***** Source material *****

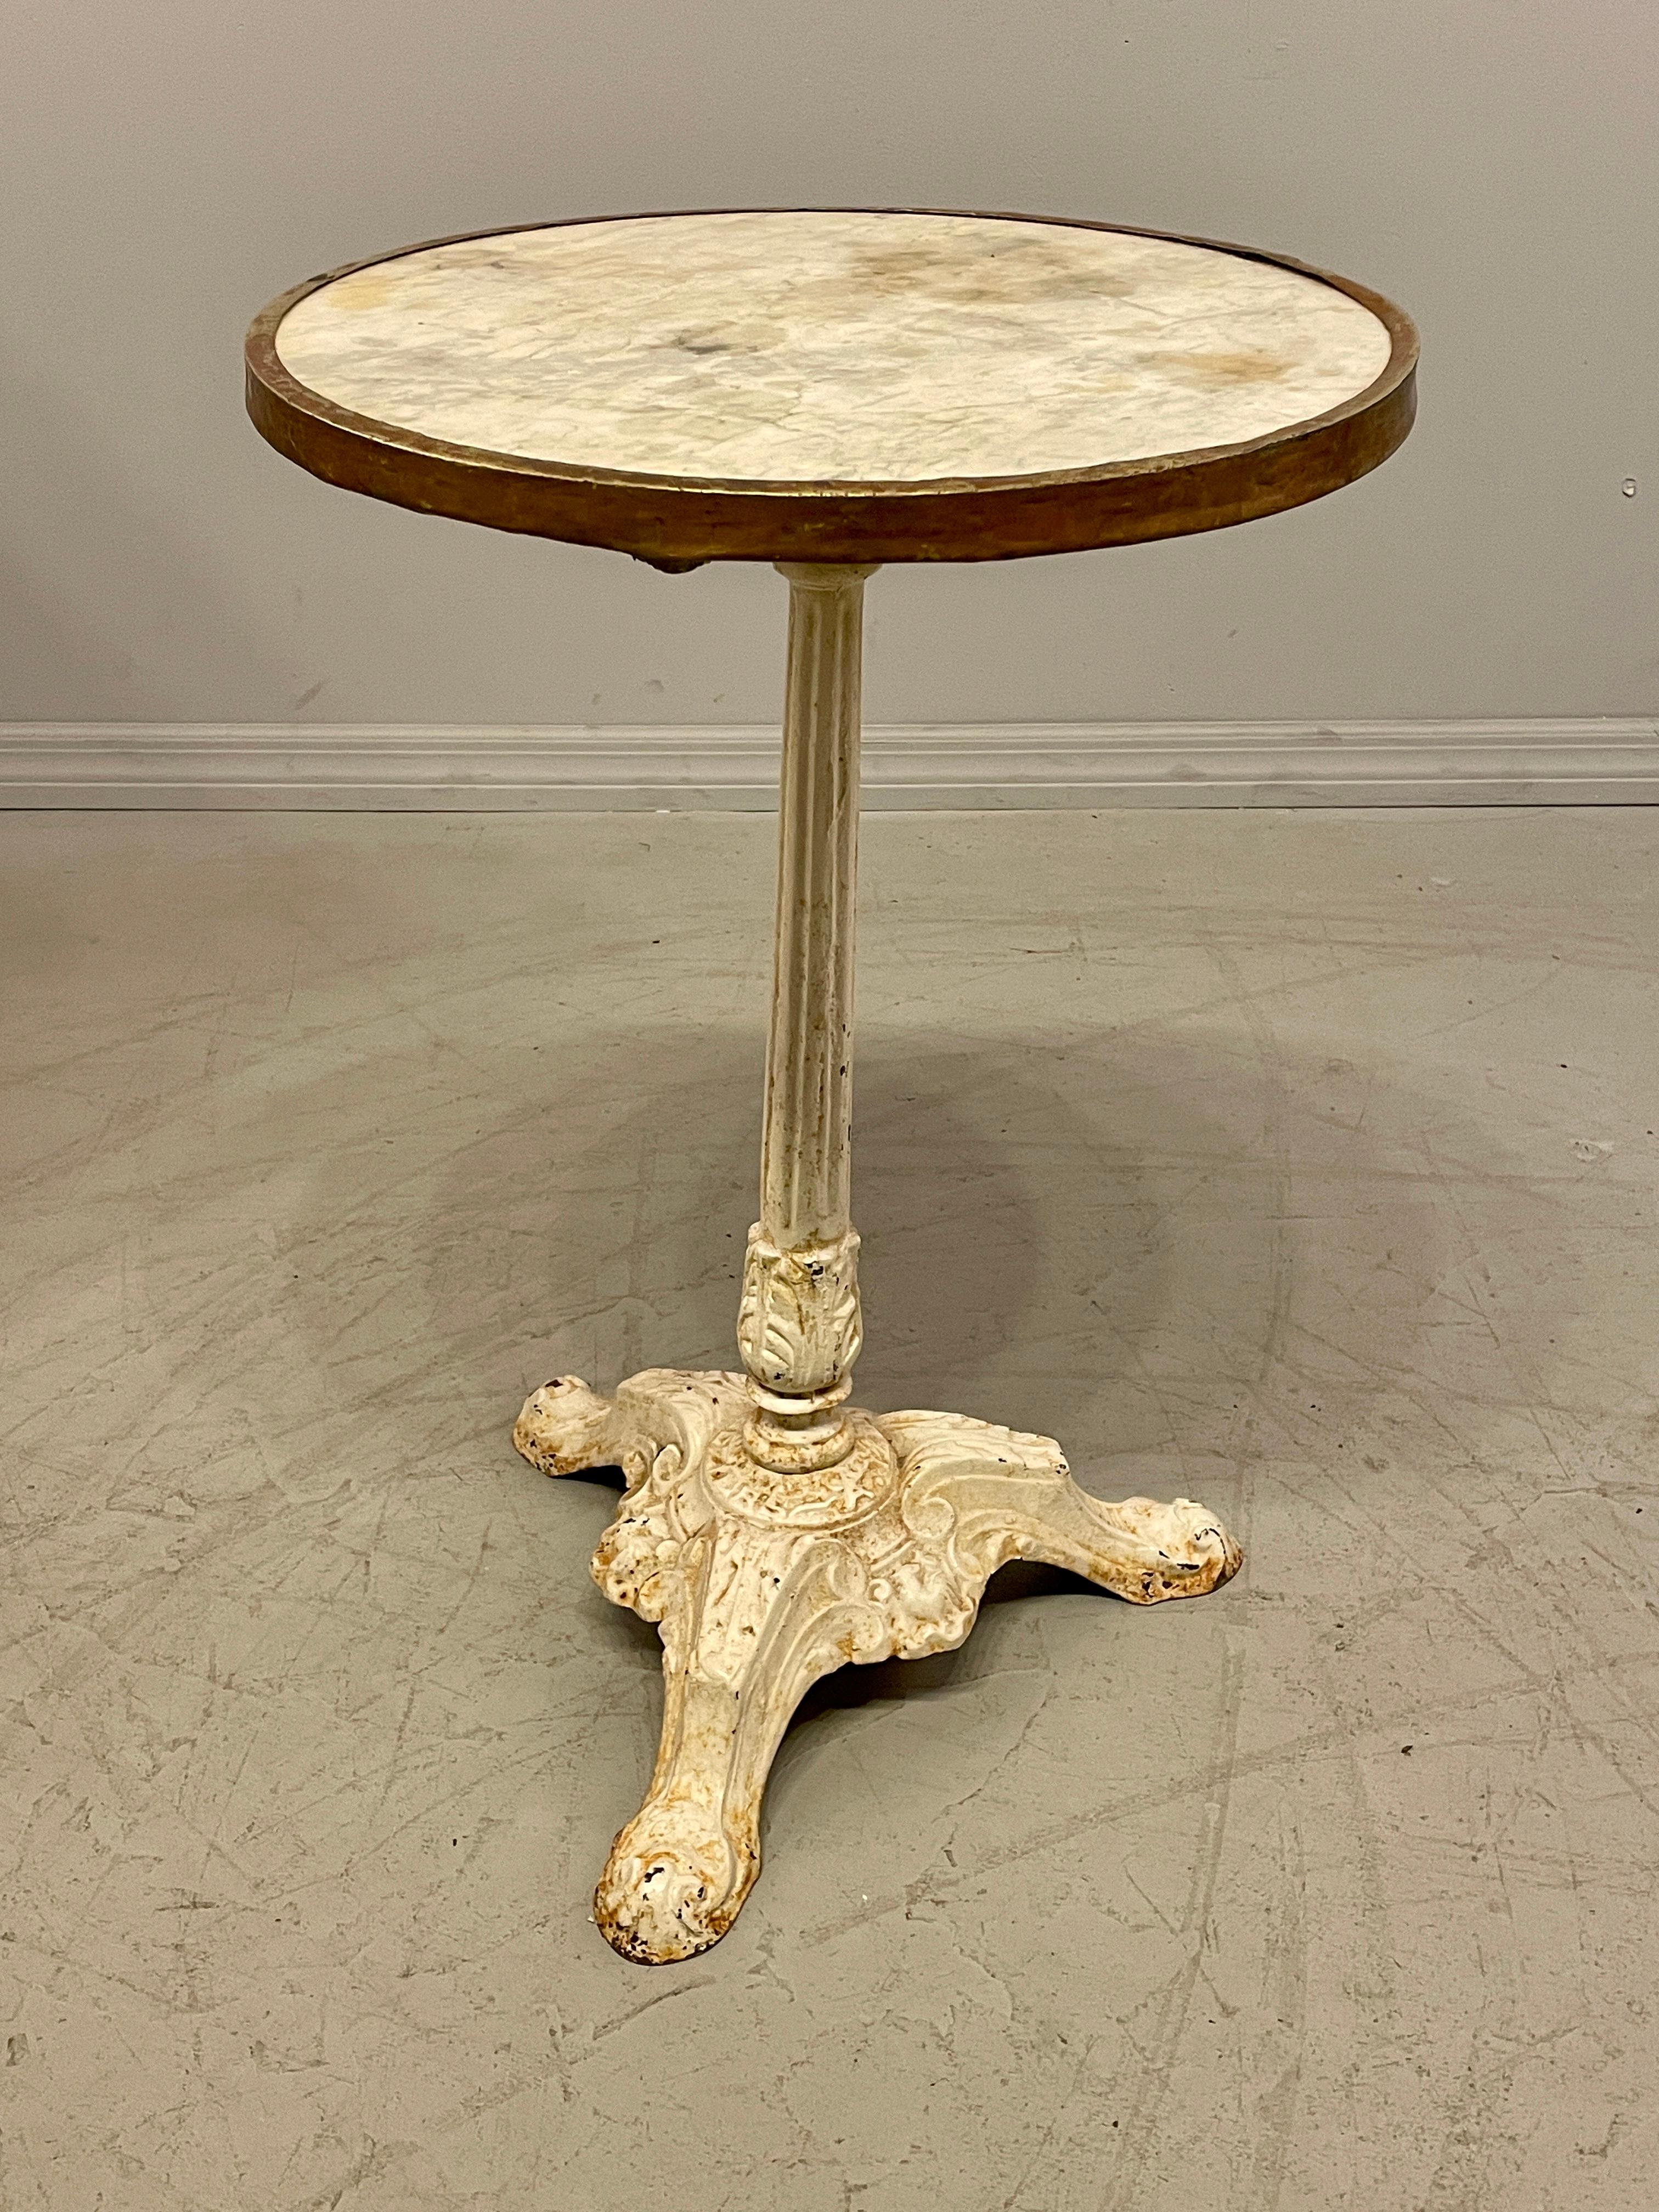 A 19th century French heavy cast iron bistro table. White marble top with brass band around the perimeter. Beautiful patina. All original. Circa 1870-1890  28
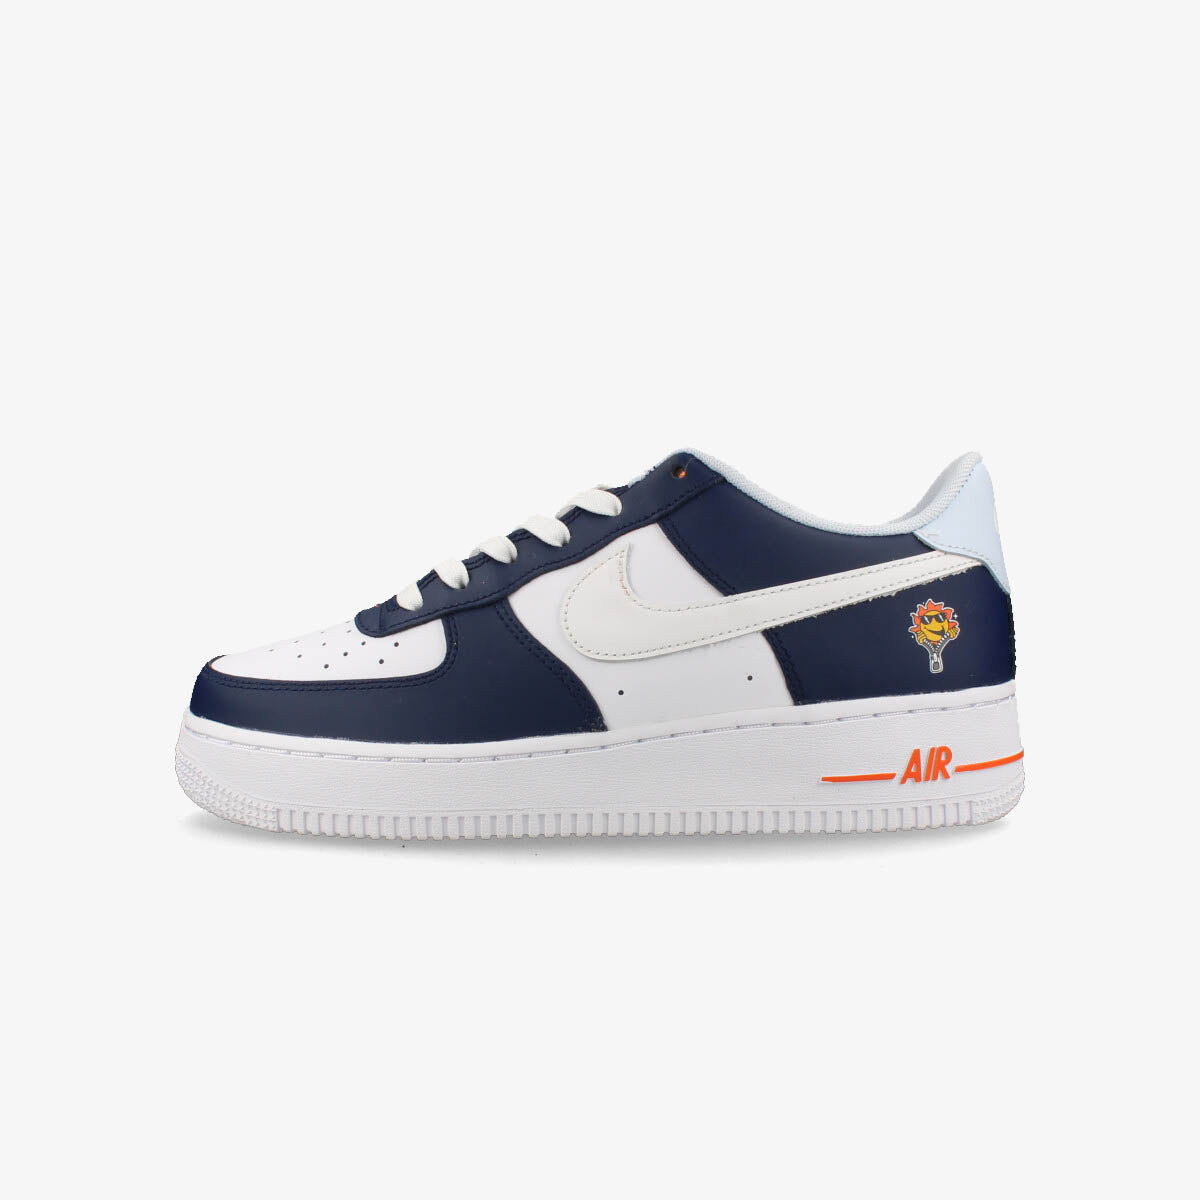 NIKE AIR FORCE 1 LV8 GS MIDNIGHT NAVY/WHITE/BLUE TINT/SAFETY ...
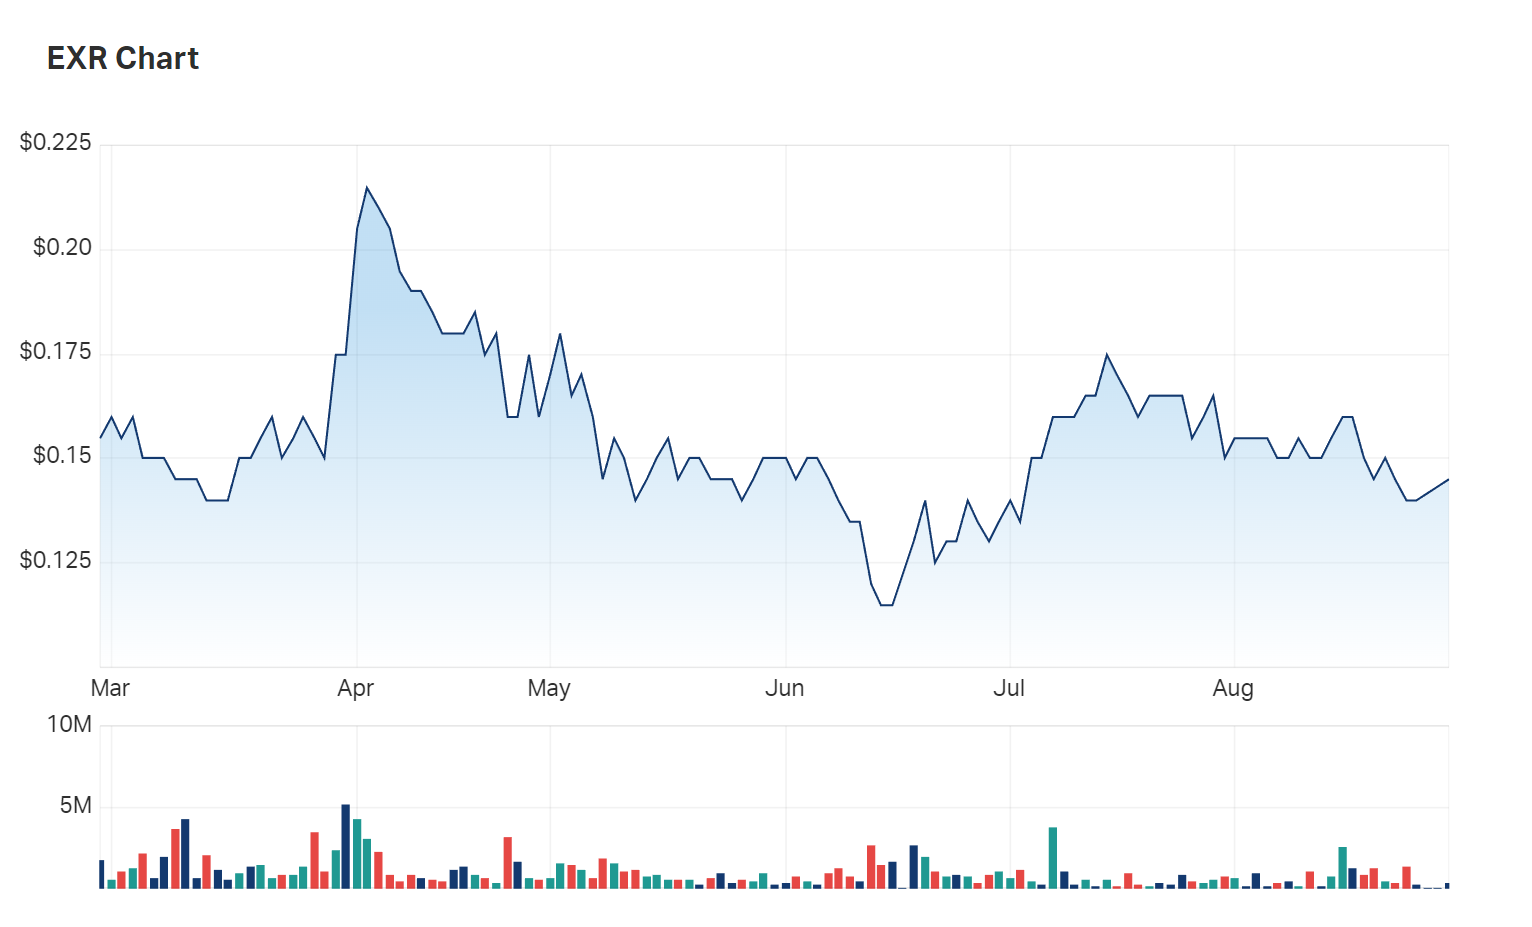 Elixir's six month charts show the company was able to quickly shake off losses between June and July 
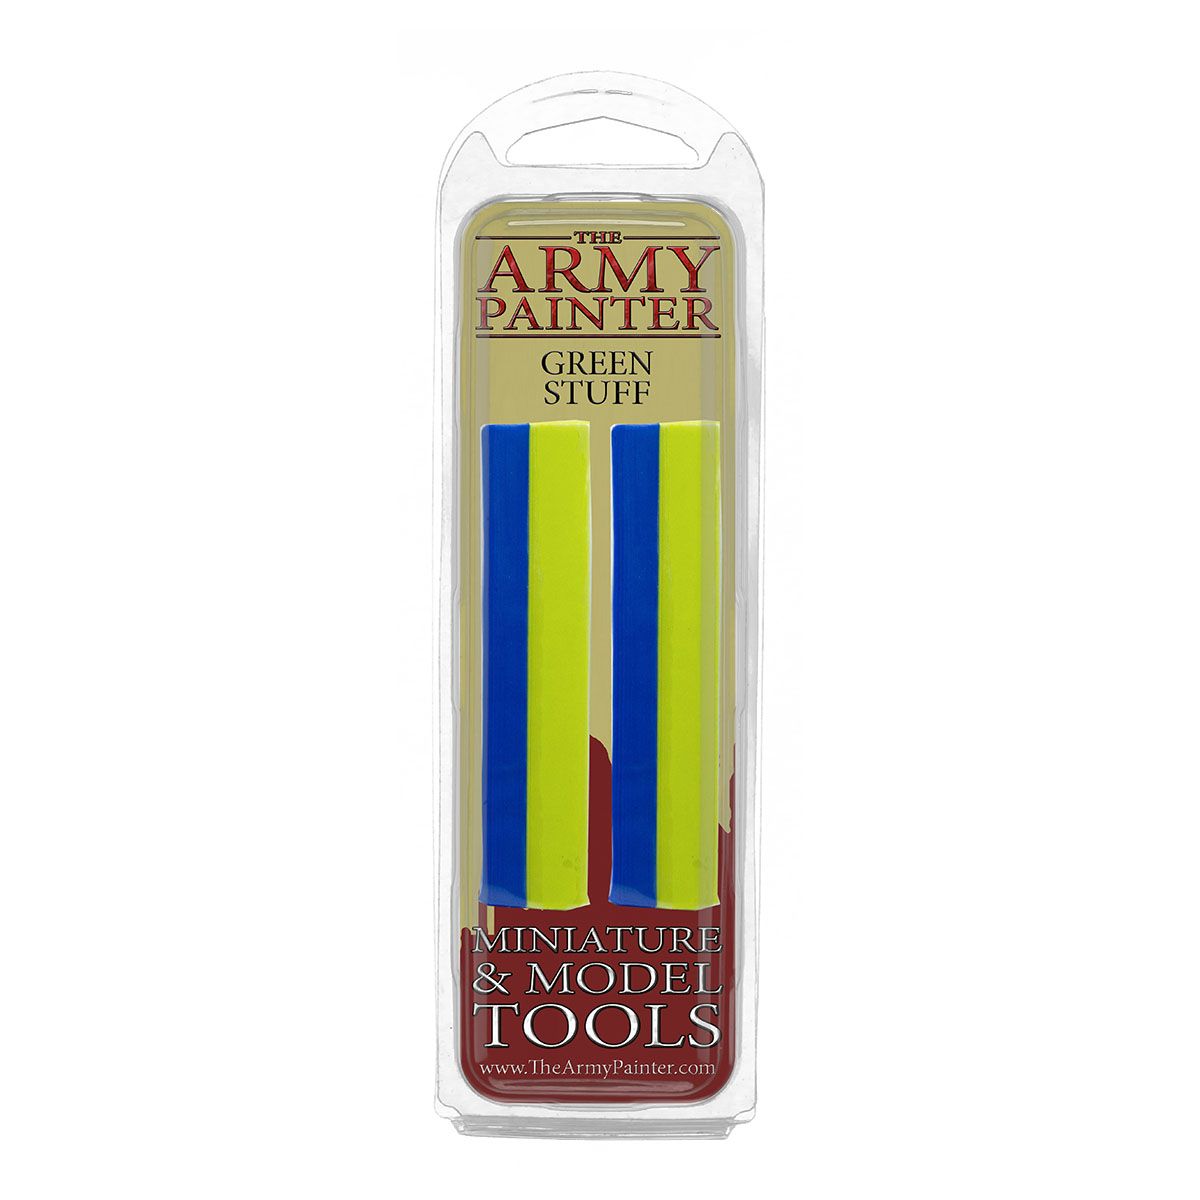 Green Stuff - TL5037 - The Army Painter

*****

* **What to produce**:
Every line above has to be output exactly; the pictures must be dropped.

* **Answer for the task**:
 A 19th century French heavy cast iron bistro table. White marble top with brass band around the perimeter. Beautiful patina. All original. Circa 1870-1890  28
 NIKE AIR FORCE 1 LV8 GS MIDNIGHT NAVY/WHITE/BLUE TINT/SAFETY ...
 Elixir's six month charts show the company was able to quickly shake off losses between June and July 
 Green Stuff - TL5037 - The Army Painter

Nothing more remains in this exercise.